Re civilian contractors, I call your attention to the fact what now are the Navy's Seabees were originally Civilian Construction Battalions, under the directorship of Naval Command.
Quote:When war finally came, most of the provisions of these plans would have to be shelved. Workable and more pertinent and practical procedures were developed in their place.
Meanwhile, Rear Admiral Ben Moreell, CEC, USN, became Chief of the Bureau of Yards and Docks in December 1937. It was a time of international crisis and rivalry in both Europe and Asia. In the late 1930s the tense international situation brought quick authorization from the United States Congress to expand naval shore activities. The new construction, started in the Caribbean and Central Pacific in 1939, followed the customary peacetime pattern: contracts were awarded to private construction firms that performed the work with civilian personnel, under the administrative direction of Navy Officers in Charge of Construction.
By the summer of 1941, large naval bases were under construction at Guam, Midway, Wake, Pearl Harbor, Iceland, Newfoundland, Bermuda, Trinidad, and at many other places.
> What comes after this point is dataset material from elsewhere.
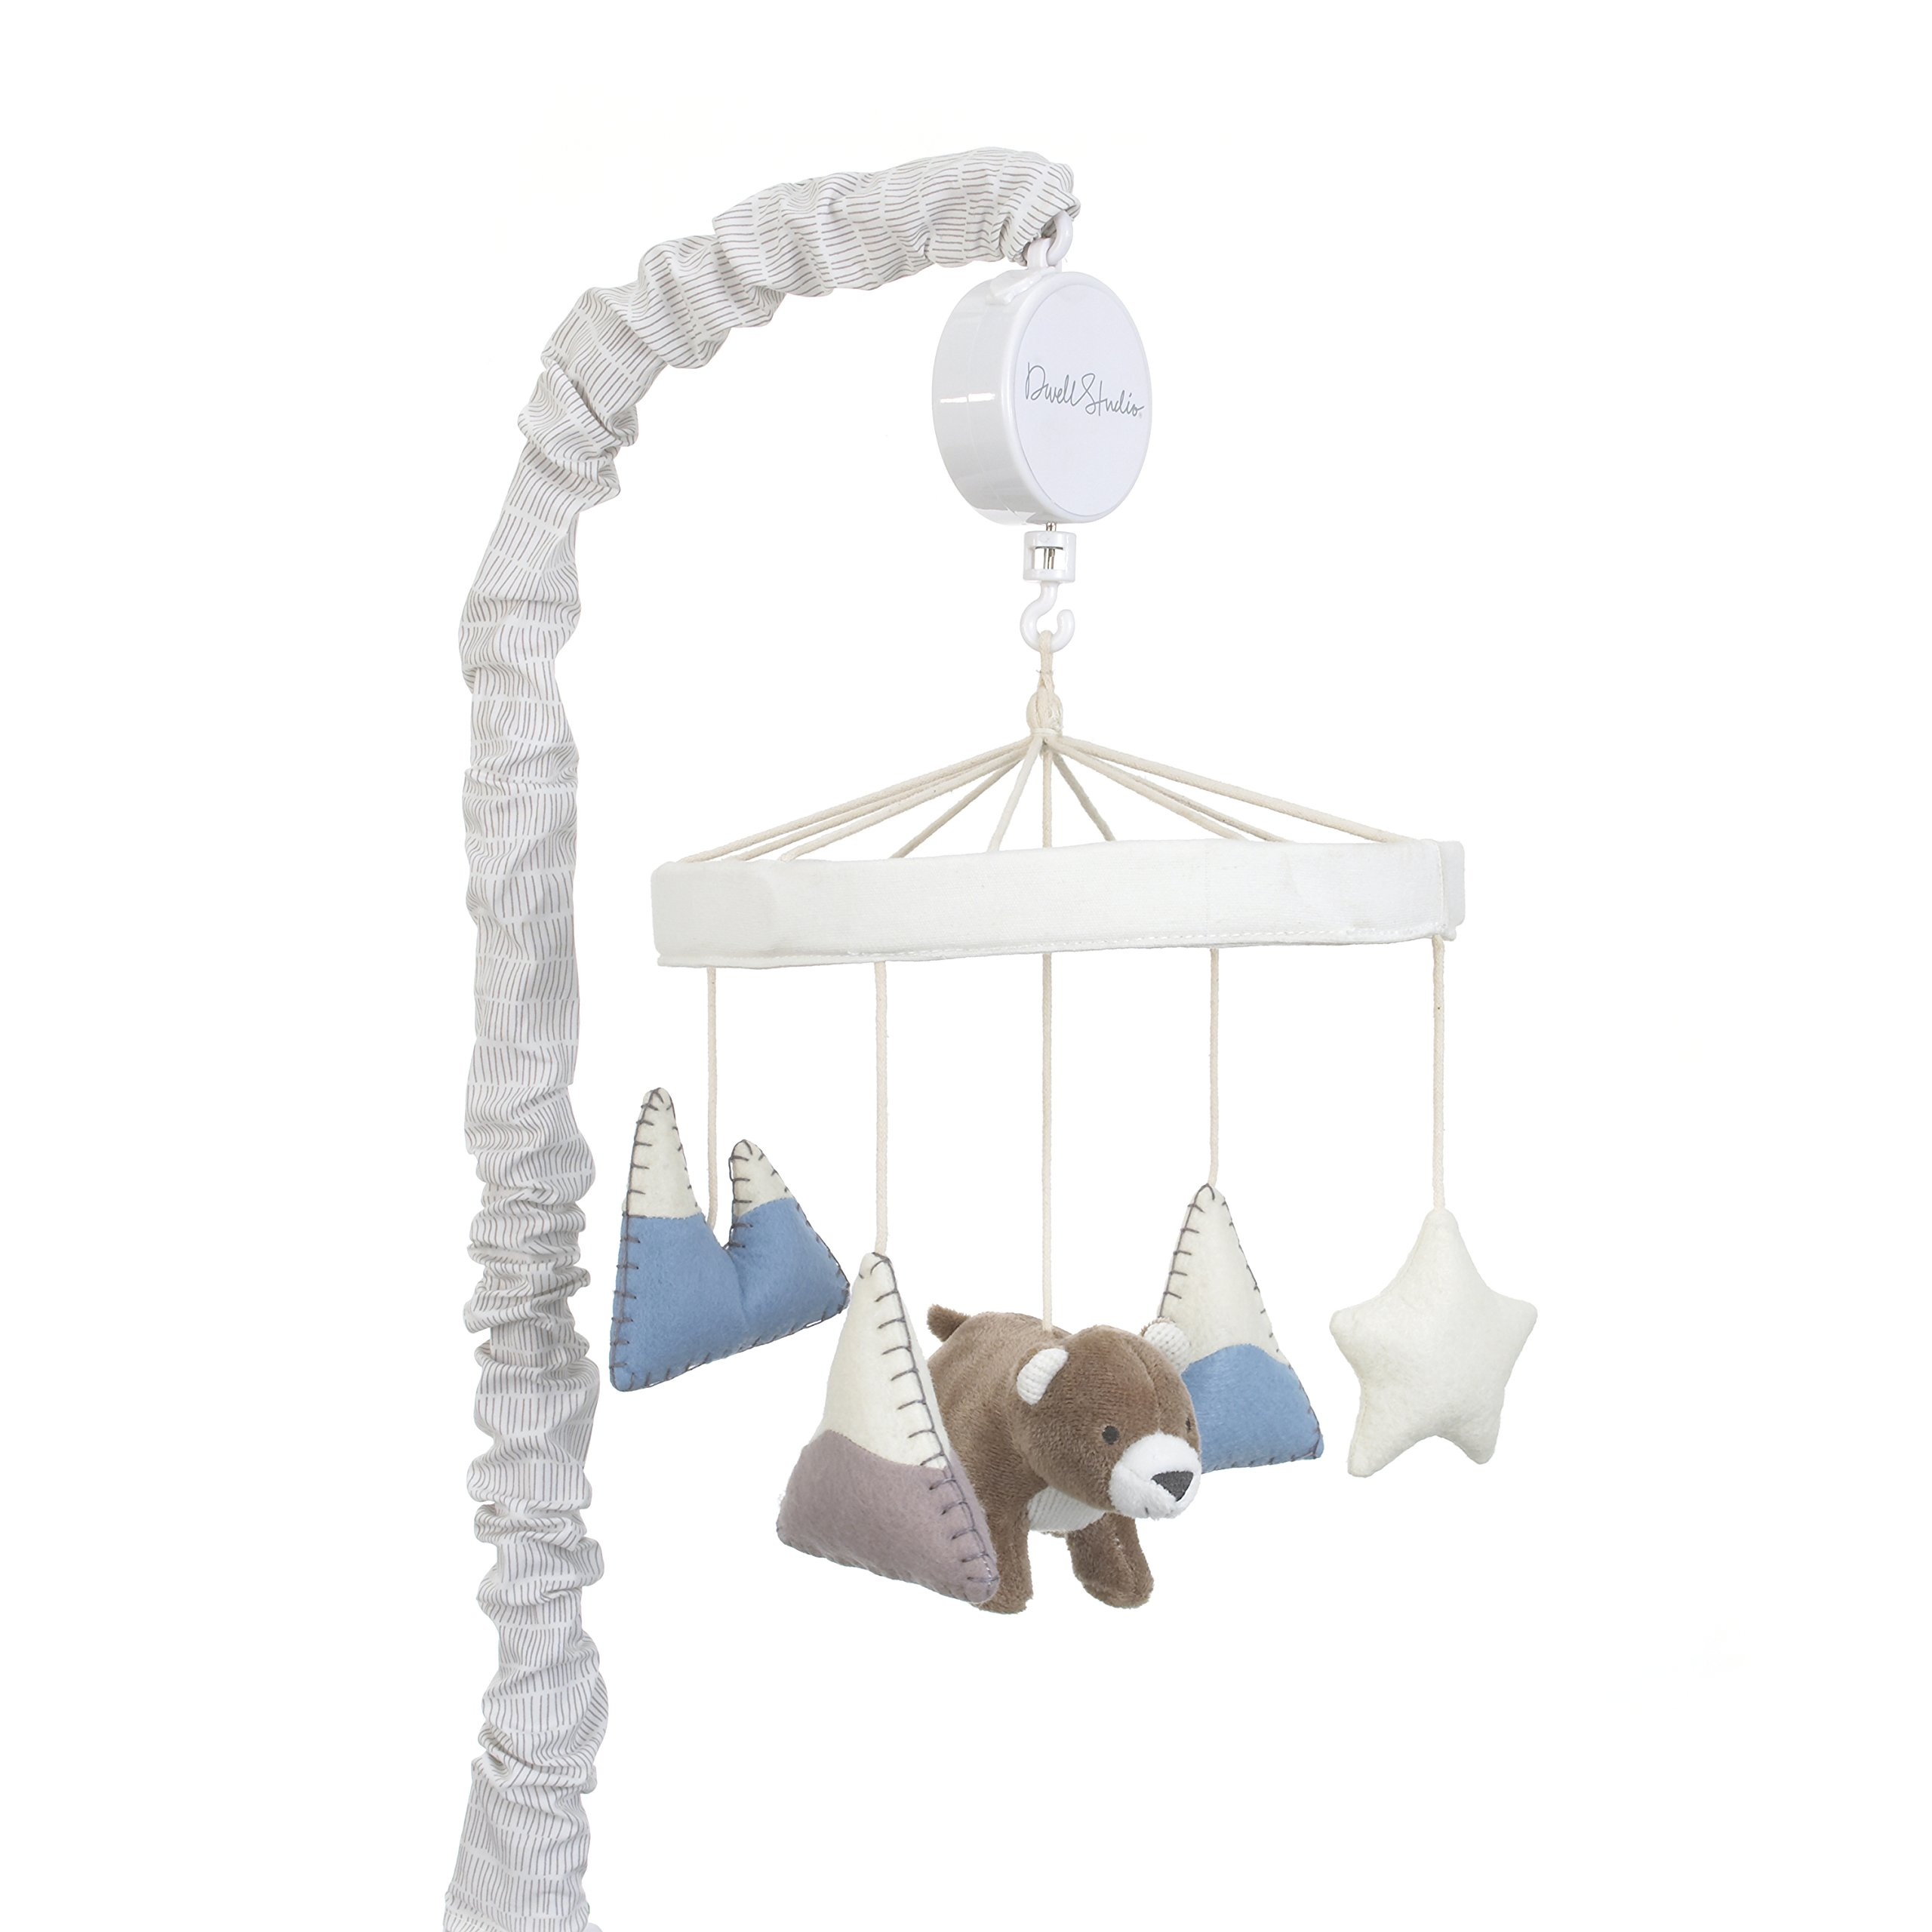 Dwell Studio Bear Hugs Nursery Crib Musical Mobile, Blue/Gray/White Bear/Mountains

To facilitate the work, the Bureau of Yards and Docks decided to organize military Headquarters Construction Companies. Under the immediate control of the Officers in Charge of Construction at the bases, the men of the companies were to be utilized as draftsmen and engineering aids and for administrative duties as inspectors and supervisors to oversee the work of the civilian construction contractors.
The companies, each consisting of two officers and 99 enlisted men, were not to do any actual construction work. http://www.history.navy.mil/faqs/faq67-2.htm
The incredible railroad building feats, particularly as regards bridging, of the Civil War Union Army, were accomplished by civilian craftsmen under military command. Its nothing new.